Dielectric behavior and AC conductivity of Tb3+ doped Ni0.4Zn0.6Fe2O4 nanoparticles

Terbium doped Ni–Zn ferrite, Ni0.4Zn0.6TbxFe2−xO4 (x = 0, 0.05, 0.1, 0.15 and 0.2) have been prepared through sol–gel technique. Formation of single phase FCC spinel structure is identified in all the compositions using X-ray diffraction technique. The effect of Tb3+ doping on the crystalline phase, crystallite size, dielectric properties and AC conductivity has been investigated in detail. Lattice constant is observed to increase with terbium content; but beyond certain concentration of terbium (x > 0.15), it decreased. DC resistivity measurements were carried out in the temperature range 300–523 K. All the compositions exhibited usual semiconducting nature of ferrites and the resistivity of the samples found to increase with terbium content up to x = 0.15. The metallic behavior of the doped samples observed in the lower temperature region is explained in terms of elastic and inelastic scattering due to the rare earth ions. The investigations on dielectric constant, dielectric loss and AC conductivity was carried out in the frequency range 100 Hz–20 MHz from room temperature to 563 K. Frequency dependence of dielectric constant showed normal behavior and is in good agreement with Koop’s phenomenological theory of dielectric dispersion. AC conductivity measurements suggested conduction due to small polaron hopping. AC conductivity as well as dielectric constant is found to increase with temperature and which is due to thermally enhanced drift mobility of charge carriers. The observed decrease in dielectric loss with terbium content up to x = 0.15 is explained in terms of increase in resistivity.

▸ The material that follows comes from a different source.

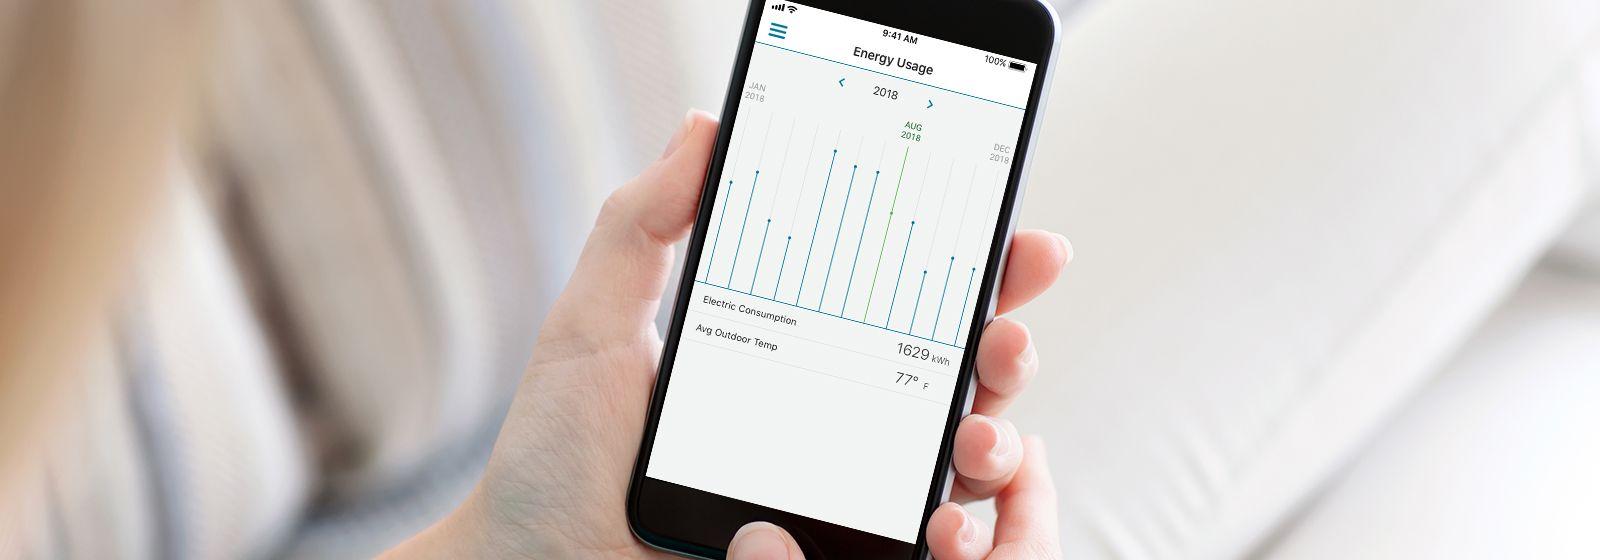 Pay Your Bill And More With Duke Energy S New Customer App Duke Energy Illumination

► Tb3+ ions were successfully added into the lattice of Ni–Zn ferrite using sol–gel technique. ► Lattice parameter initially increases due to the expansion of unit cell and for x > 0.15, it decreases. ► Saturation magnetization decreases with Tb3+addition; however coercivity decreases up to x = 0.1 and then increases. ► Doped samples exhibited metallic behavior in the low temperature region and semiconducting nature there after. ► Maximum resistivity and least dielectric loss are achieved for the composition Ni0.4Zn0.6Tb0.15Fe1.85O4.